-- Opening Marker --

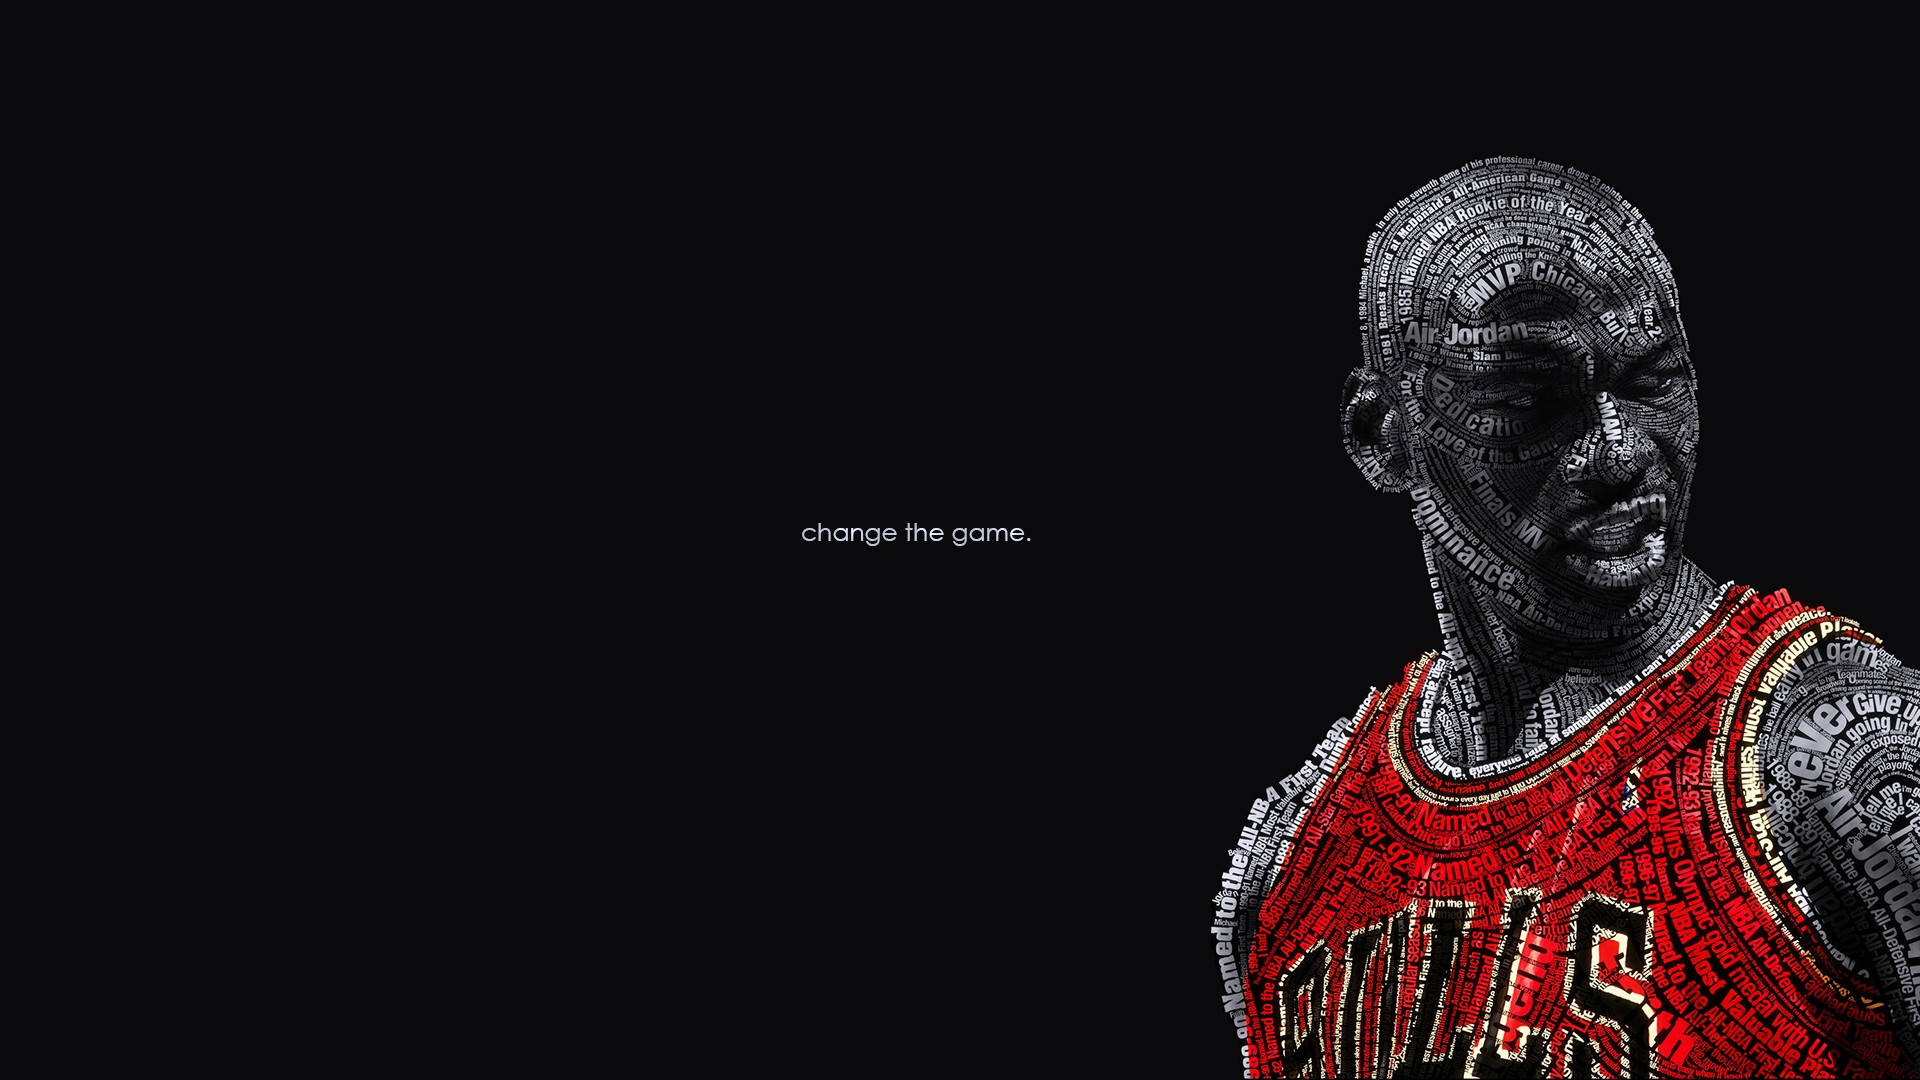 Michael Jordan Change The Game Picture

-- Closing Marker --
-- Opening Marker --

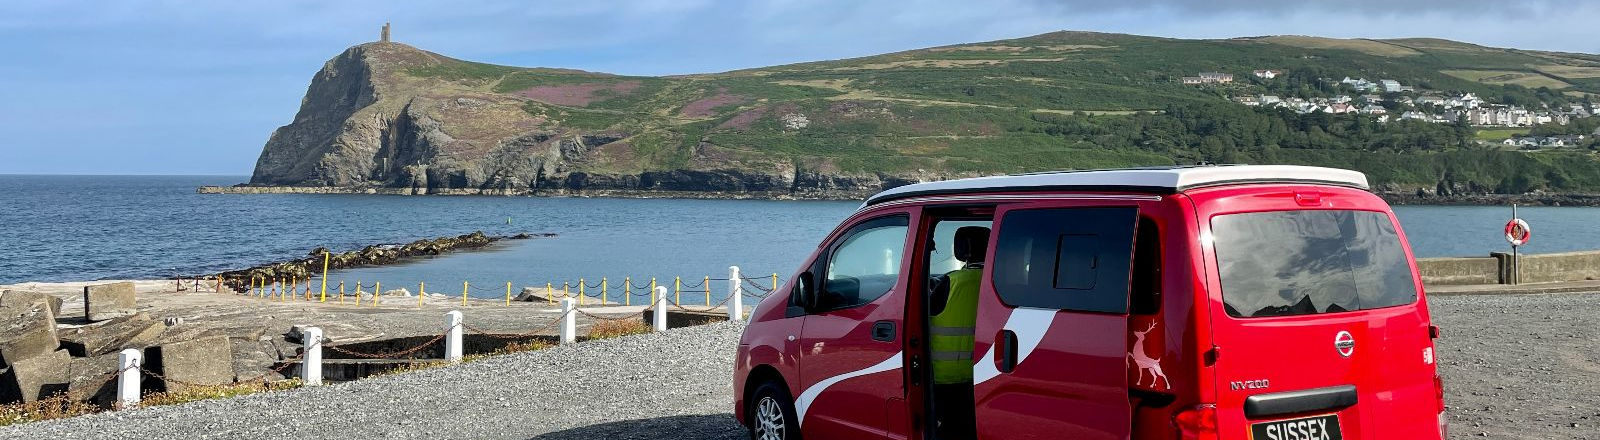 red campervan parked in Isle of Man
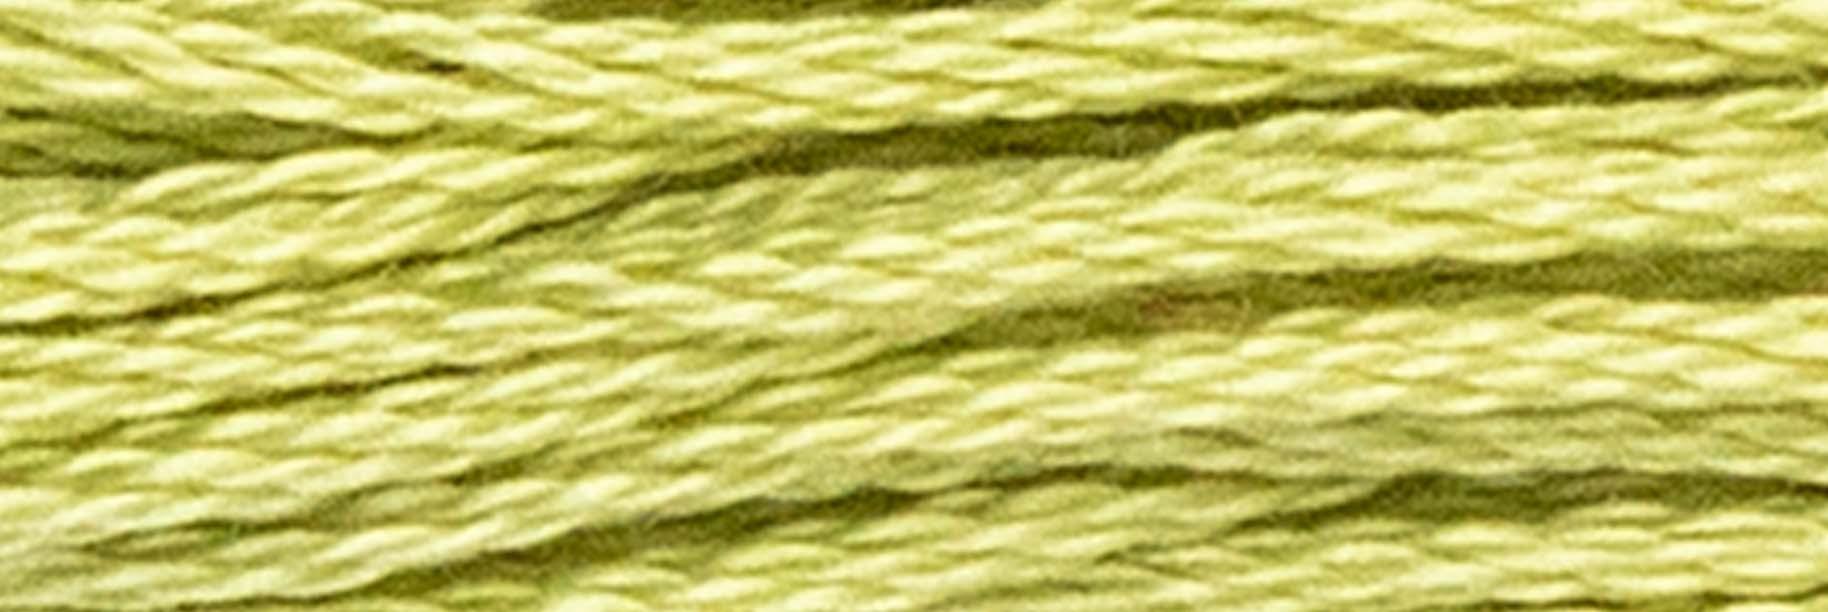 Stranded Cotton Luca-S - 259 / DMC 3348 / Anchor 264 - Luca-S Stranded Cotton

-- Closing Marker --

• _TRY IT_
From the data above, return exactly the lines from the one with "red campervan parked in Isle of Man" up to and including the one with "Stranded Cotton Luca-S". Pictures do not go in the copy.

• _RESPONSE BOX_
 red campervan parked in Isle of Man
 Stranded Cotton Luca-S - 259 / DMC 3348 / Anchor 264 - Luca-S Stranded Cotton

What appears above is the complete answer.